Ucciso durante un’aggressione razzista

Emmanuel Chidi e a moglie Chimiary
Emmanuel Chidi e a moglie Chimiary

Orribile episodio di razzismo a Fermo, nelle Marche. Un giovane nigeriano è morto a seguito di una brutale aggressione razzista. Il giovane, Emmanuel Chidi Namdi, 36 anni, stava camminando con la moglie, Chimiary, 24 anni, quando è stato aggredito da un 35enne, un ultrà della Fermana, la locale squadra di calcio, un individuo già noto alle forze dell’ordine. L’ultrà ha insultato Emmanuel e sua moglie, chiamandole “scimmie africane”, poi ha strattonato la donna. Il nigeriano ha reagito per difendere la compagna ed è stato aggredito a calci e pugni. Picchiato con violenza anche quando era già a terra. L’aggressione è avvenuta il 5 luglio. Le condizioni di Emmanuel Chidi sono apparse subito gravi.
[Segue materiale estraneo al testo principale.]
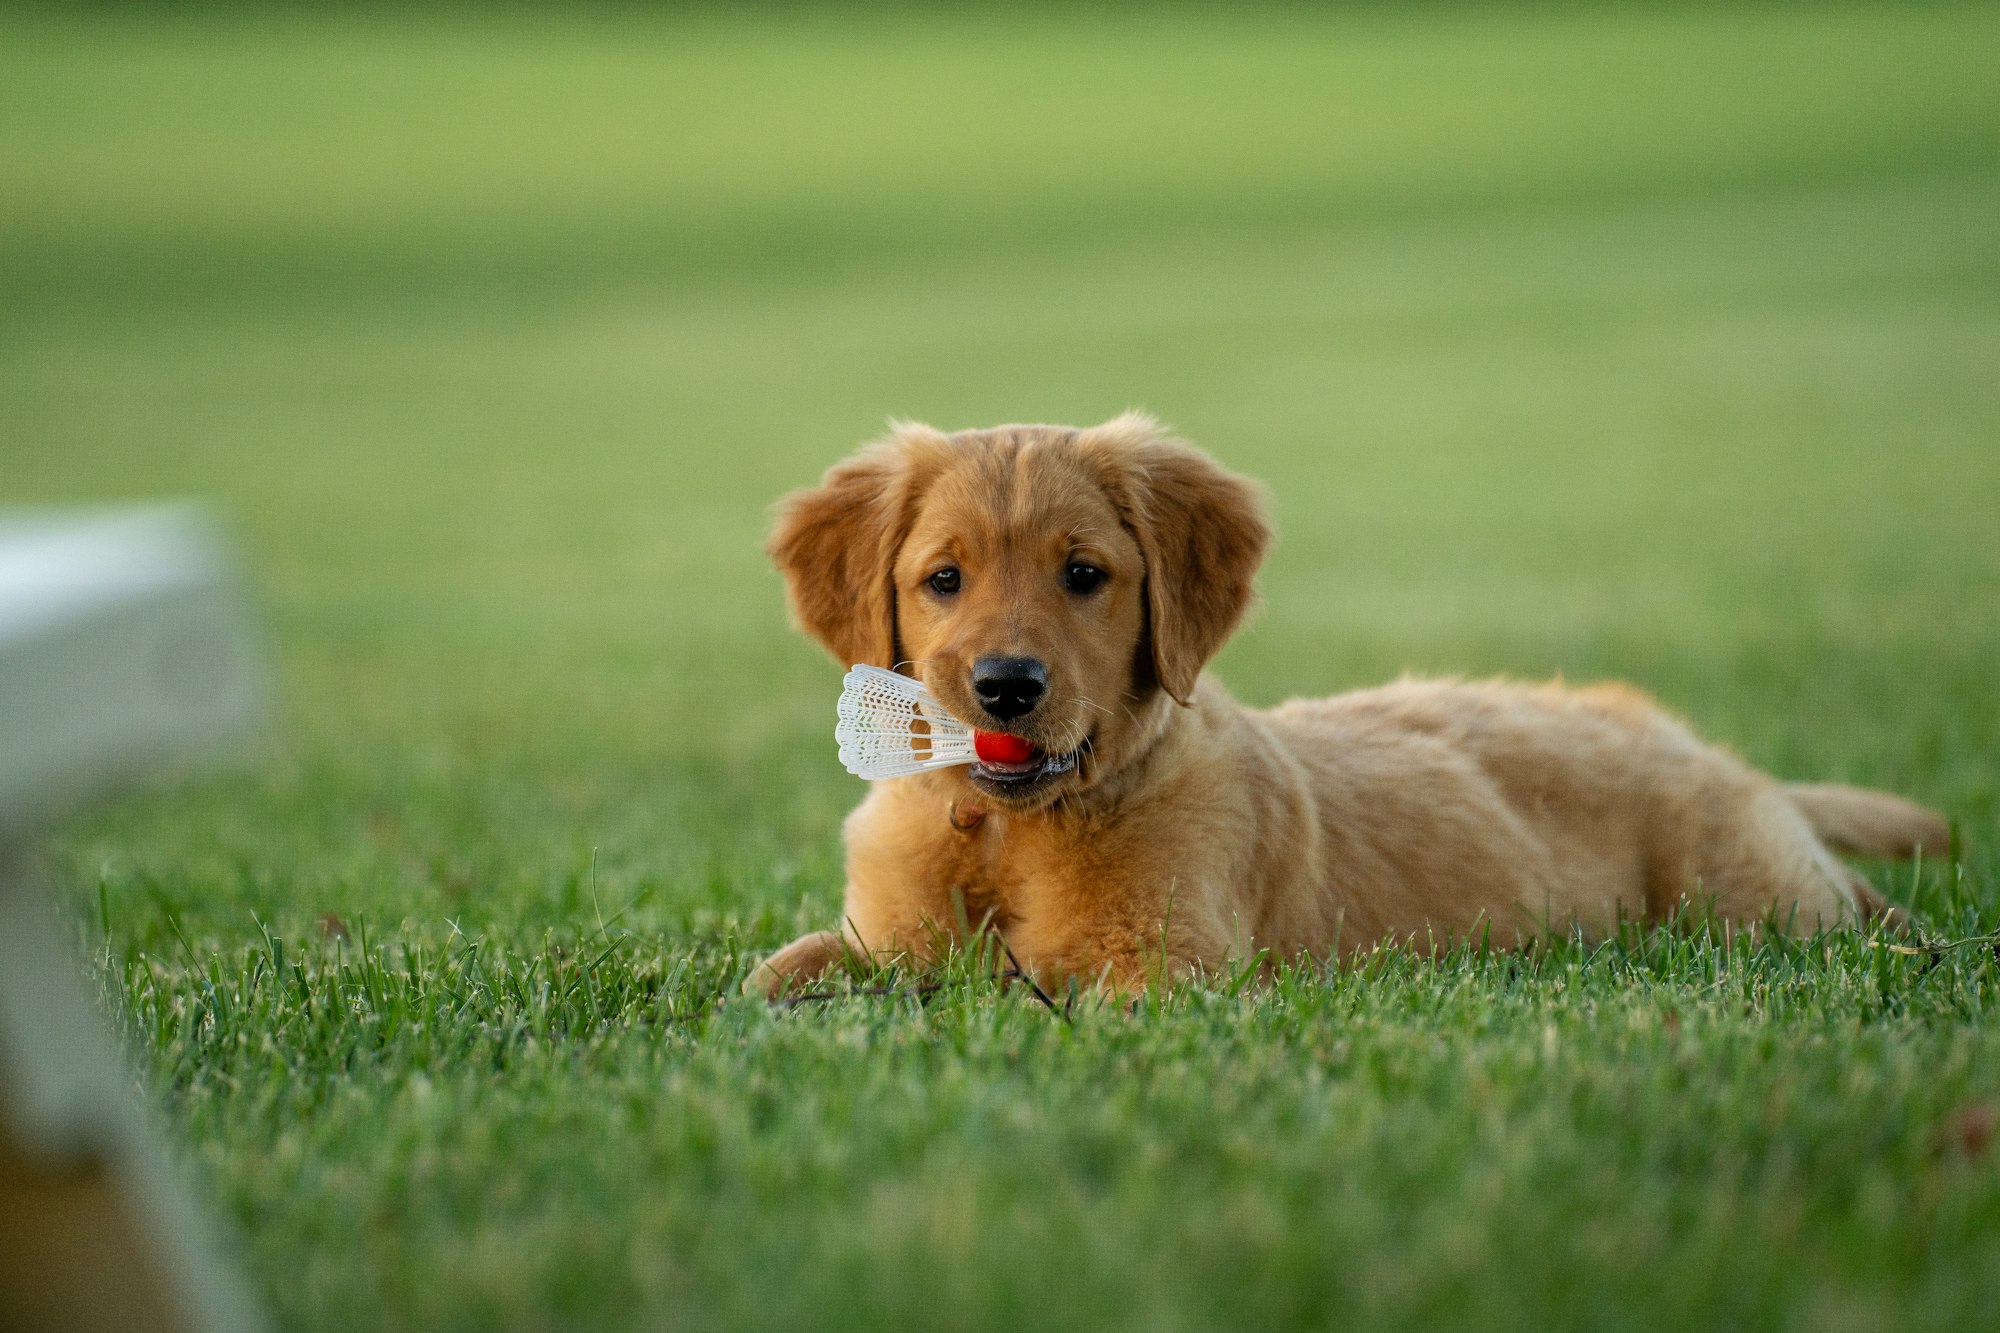 golden puppy enjoying the grass

L’uomo è stato ricoverato in coma e è ieri, purtroppo, è morto. L’episodio ha suscitato profondo sconcerto in una comunità di solito tranquilla. Anche se nella zona nei mesi scorsi diverse chiese erano state prese di mira da piccoli attentati dinamitardi, da parte di ignoti, per protestare contro l’accoglienza dei migranti da parte della diocesi. Don Vinicio Albanesi, che dava accoglienza a Emmanuel e alla moglie,ha definito la brutale aggressione una “provocazione a freddo” proveniente dallo stesso “giro delle bombe davanti alle chiese di Fermo”. Ferma la condanna da parte delle autorità di governo. Oggi a Fermo si riunirà il comitato per l’ordine e la sicurezza pubblica, alla presenza del Ministro dell’Interno Alfano. Emmanuel Chidi Namdi era un richiedente asilo di fede cristiana, insieme alla compagna Chimary era scappato dalla Nigeria dalle violenze di Boko Haram.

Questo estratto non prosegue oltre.